PSF: How did you get interested playing bass?

Tim Stutz: Back when I was a kid, and I mean like 4 years old and up, I would listen to LP's all the time and the radio. We had some records at home, things like The Ventures, The Beatles, Mama's and Papa's, Arlo Guthrie and other records of my dad's, cool jazz like Dave Brubeck, Ahmad Jamal, George Shearing. But no one in the family played an instrument. But I was fairly obsessed with music early on. I am a frustrated drummer and a poor trumpet player (I played that in Jr. High). Playing the bass came out of wanting to play music with some friends and that had the least strings. A friend loaned me a homemade bass – it weighted a ton – and I bought a cheap practice amp, learned how to tune it and away I went. I would play along with records and start to figure stuff out. It took a while. But really it was when my friend Scott Davis and I would hang out at his apartment in Knoxville around 1985 or so and drink cheap beer, listening to the Violent Femmes, The Jam, Adrian Belew and others and he would show me stuff on the bass. That was when I really started to get a handle on it. Scott is a great bass player and trombonist.
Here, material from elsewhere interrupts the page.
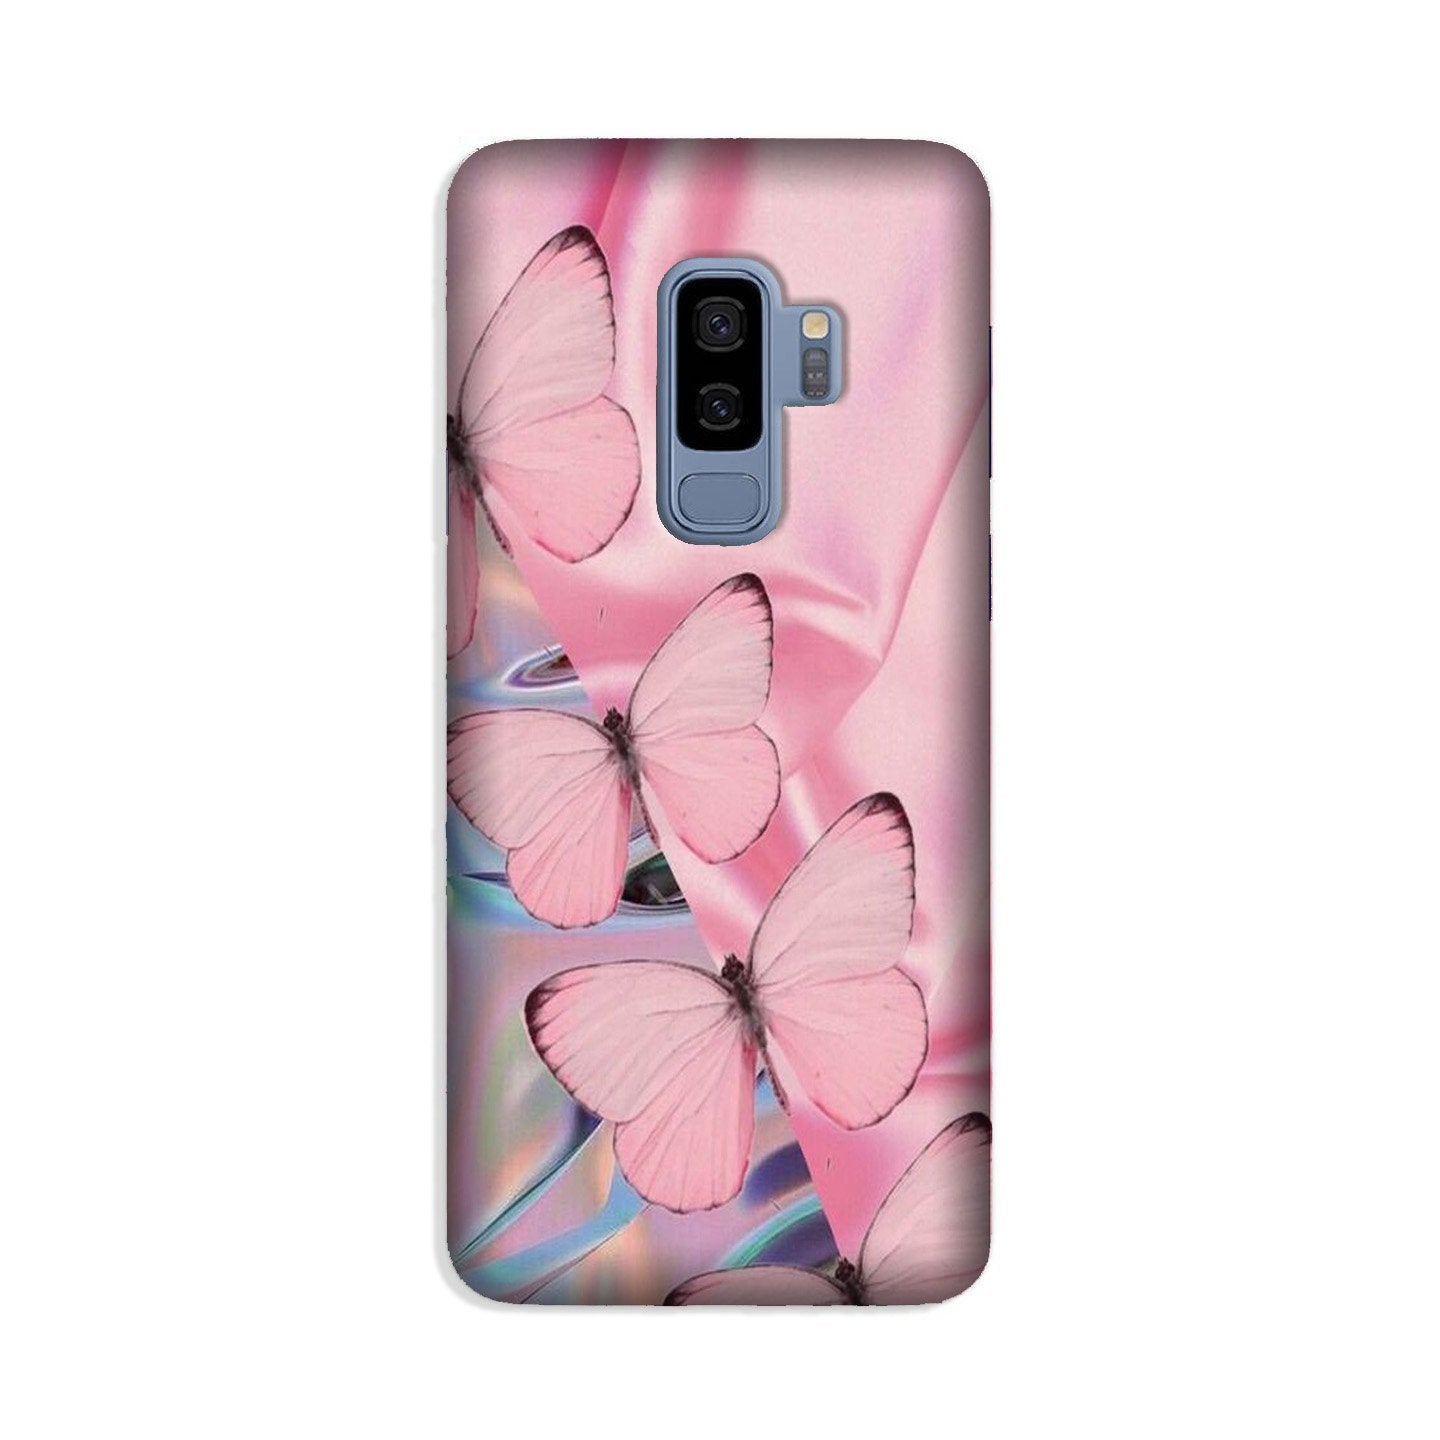 Butterflies Case for Galaxy S9 Plus

PSF: How did you join the band?

TS: I didn't join the band – I helped start it. Johnny (Sughrue, acoustic guitarist), Terry (Casper, drummer) and I were from Cleveland TN and we knew each other from High School years, jobs, etc. While we were in Cleveland, we started to play music together and making recordings – sort of called ourselves 1000 Years (taken from "Heroin" by VU). We did a little of this in Knoxville at the house we lived in on White Ave. – across the street from Jeff (Heiskell, singer) and Ed (Winters, electric guitarist). I met Jeff one night at Hawkeye's. He picked me out as the guy across the street and wasn't it us that was making all that noise. Yes, it was and we started talking about music. Jeff told me that he and his roommate, Ed Winters, were doing this acoustic thing around town and maybe we could try and get together and make some music. So over whiskey and beer, we agreed to get together. Once we did, it became apparent that Ed was a much, much better musician than we were and that Jeff really could sing. It was a little intimidating but I came from the punk ethos of three chords and an idea is all you need. So we persevered and that was really how it started. Peg (Hambright, keyboards) got involved soon after – she was my and Johnny's roommate. We didn't know at the time that she was also a kick-ass keyboardist and had a beautiful voice. During this time, Terry was actually living in Atlanta and coming up only on weekends.


PSF: What was the scene in Knoxville like at the time?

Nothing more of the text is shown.